Цвингли был страшно потрясен этим известием. Он ясно видел все последствия этой бессмысленной и жестокой полумеры и в своих проповедях не раз открыто выражал свое негодование. “Кто не боится объявить другому, что он должен пасть, тот должен вслед за словом пустить в ход и кулак”, – говорил он в праздник Троицы, когда в церкви было прочтено известие о состоявшемся решении городов. “Если он не ударит сам, то это сделает другой. Вы отнимаете у 5 кантонов средства к жизни, как у преступников, а между тем боитесь объявить войну. Вы морите голодом невинных и полагаете, что соблюдаете мир. Но этим вы сами доказываете, что у вас нет достаточно причин, чтоб наказать их, и вынуждаете их взяться за оружие, чтобы не умереть с голоду”.
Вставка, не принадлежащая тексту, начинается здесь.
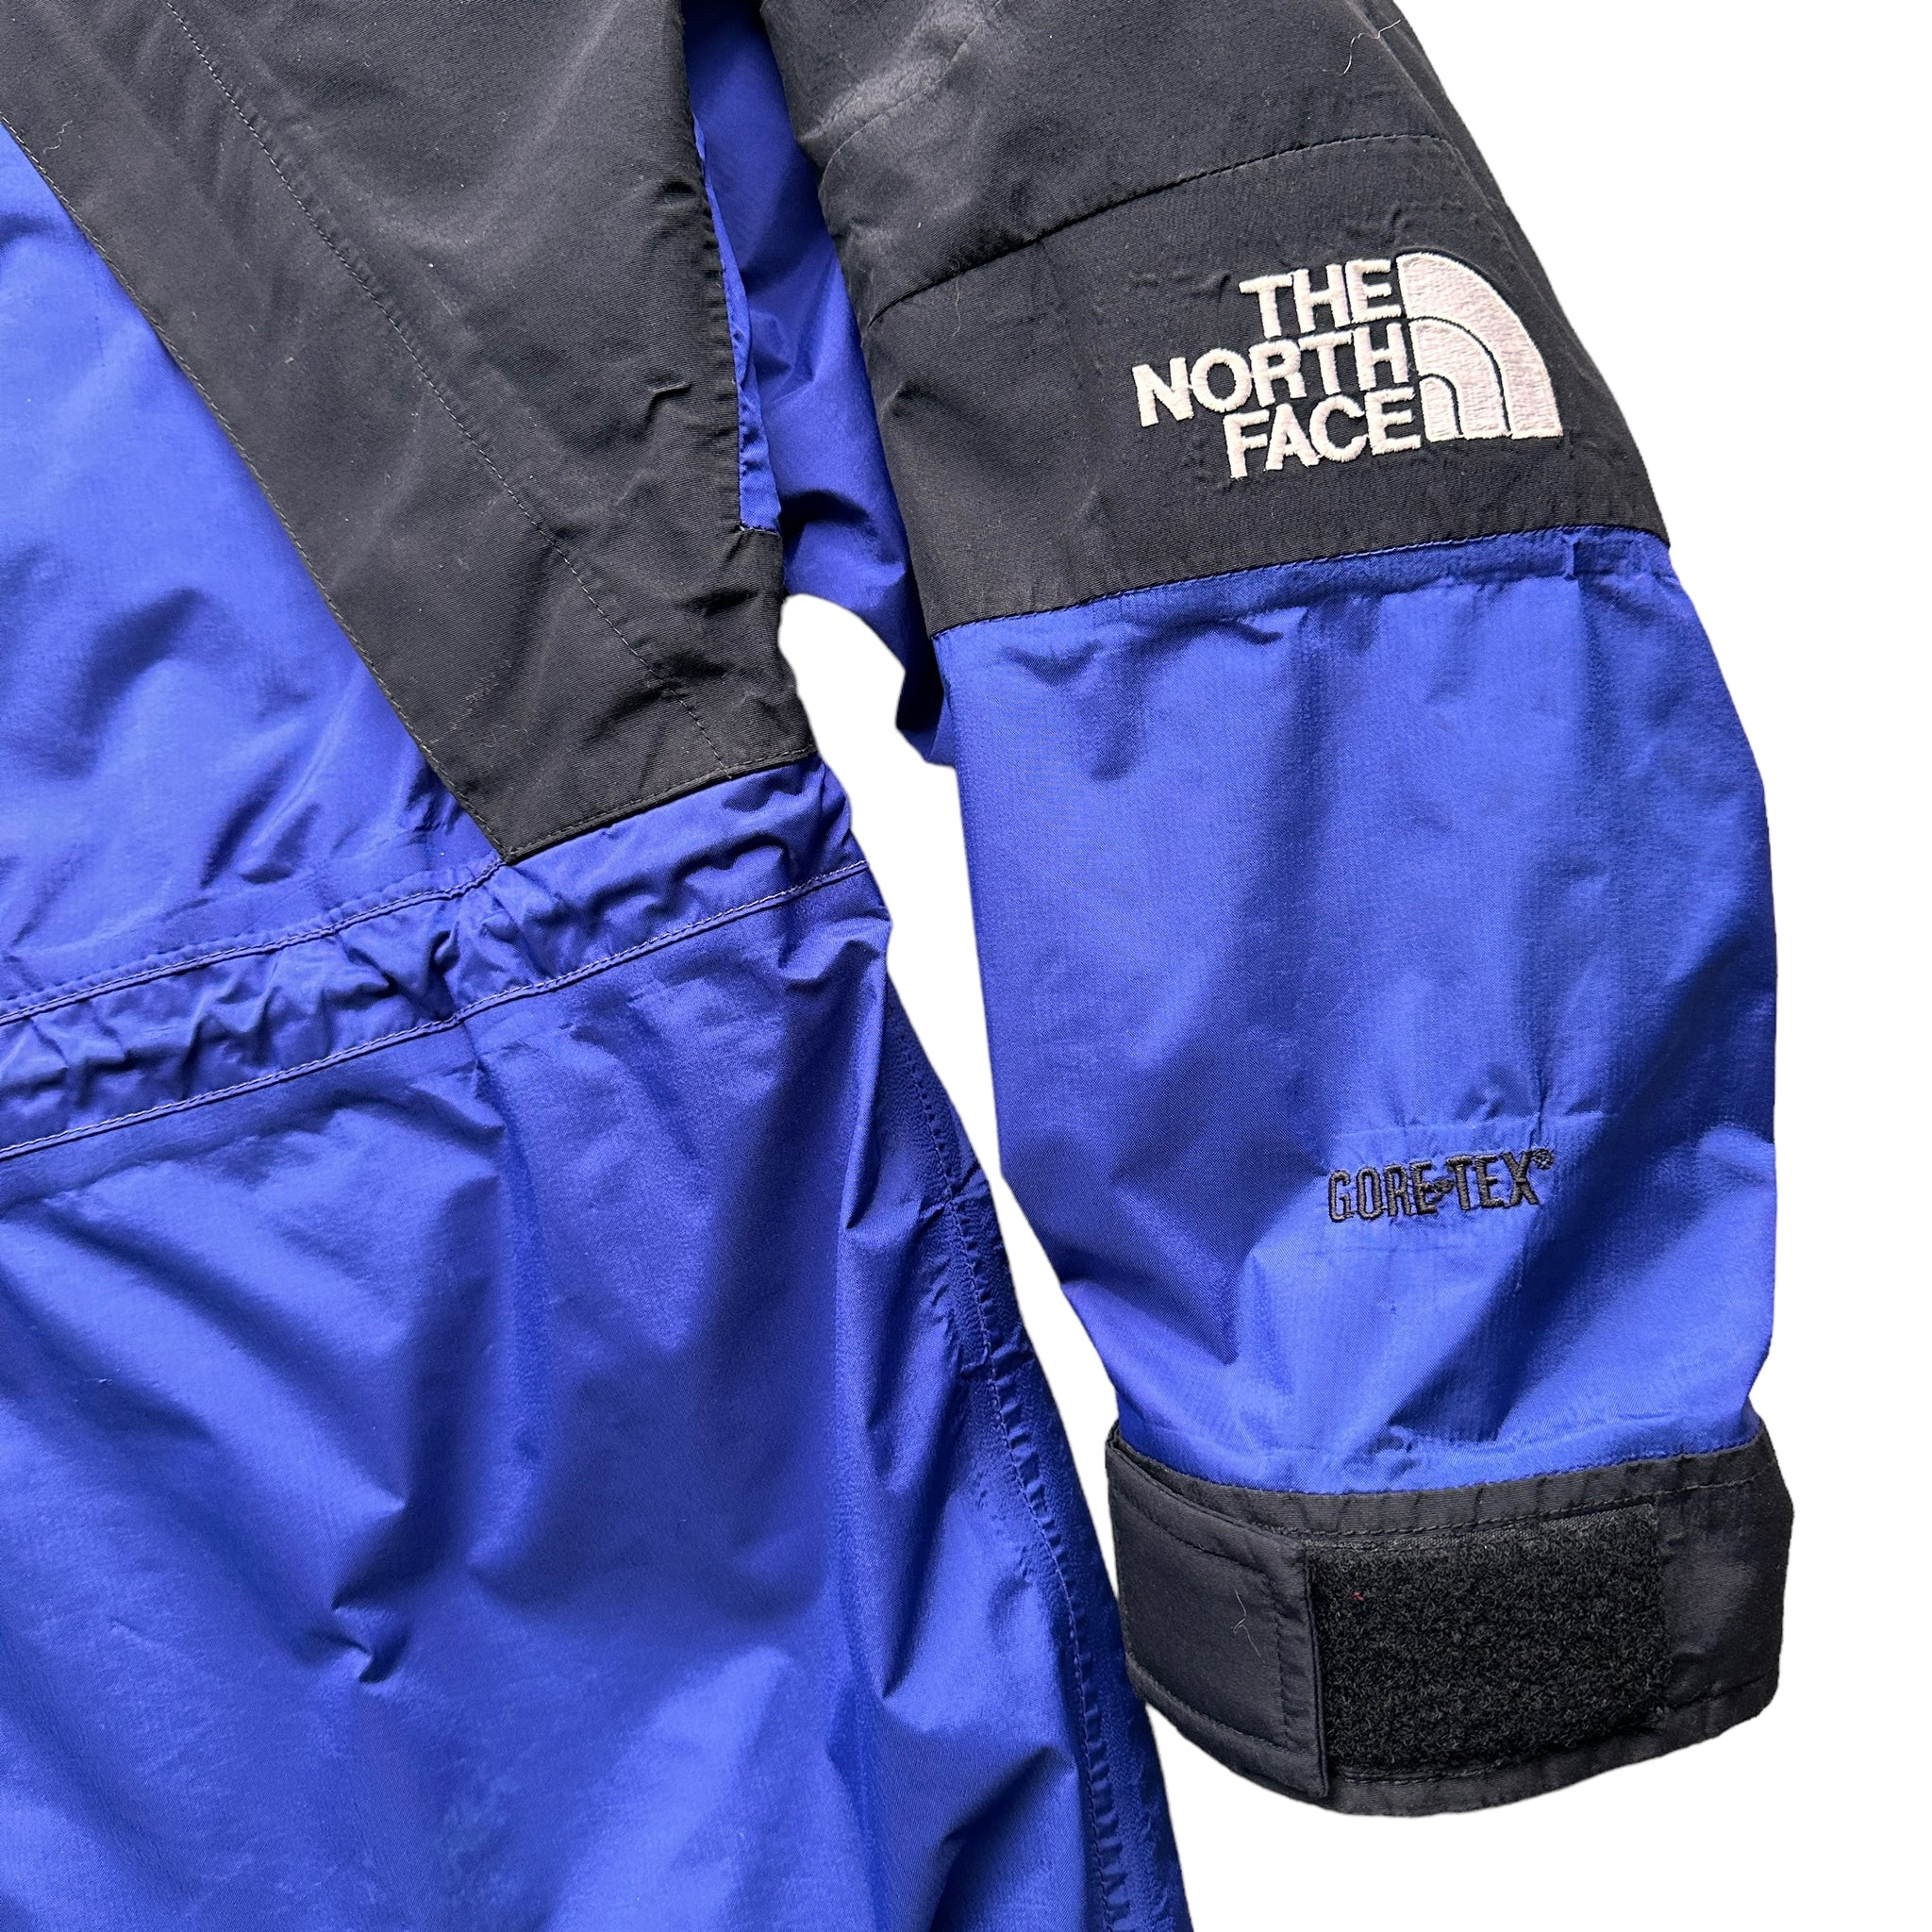 90s Northface mountain jacket XL

Реформатор и на этот раз оказался прав. Крик отчаяния и негодования поднялся в долинах и горах внутренней Швейцарии, когда разнеслась весть о принятом в Аааргау решении. Берн полагал, что эта мера возбудит народ против его вожаков, вызвавших ее своею неуступчивостью. Но на деле случилось как раз противное. Народ видел только непосредственных виновников своего несчастия и сконцентрировал на них всю силу своего озлобления. Война вспыхнула бы немедленно, если бы католические власти не считали более выгодным подождать. Они знали, что в среде их противников господствуют несогласия и выжидали наиболее благоприятного момента.
Действительно, роковое решение, сплотившее католиков, действовало на реформатов, как разъедающий яд. В городах народ громко роптал на своих правителей. В Цюрихе партия, враждебная реформатору, осмелилась громко обвинять его как виновника всех несогласий, возбуждающего швейцарцев к братоубийственной войне. Некоторые не стеснялись даже приписывать ему и эту злополучную меру, против которой он так энергично выступал.
Таким образом, в то самое время, когда Цюриху нужнее всего была твердая руководящая рука реформатора, влияние последнего пошатнулось. На карту было поставлено все его реформаторское дело, все его великие планы относительно дальнейшей судьбы Швейцарии, а между тем он не мог более противодействовать проискам пенсионеров и личных врагов, грозивших уничтожить все плоды его долголетних усилий. При таких обстоятельствах он не считал возможным оставаться долее в Цюрихе и 20 июля явился в совет просить своей отставки. Просьба эта благодаря своей неожиданности произвела потрясающее впечатление. Не только друзья, но даже враги Цвингли не могли примириться с мыслью, что Цюрих, живший до сих пор его идеями, обязанный ему своим величием, может лишиться своего духовного пастыря. Депутация из первых лиц республики немедленно отправилась умолять его оставить свое намерение, и Цвингли, наконец, уступил. Три дня спустя реформатор снова явился в совет и, глубоко взволнованный, объявил, что готов по-прежнему служить городу “до последнего дыхания”.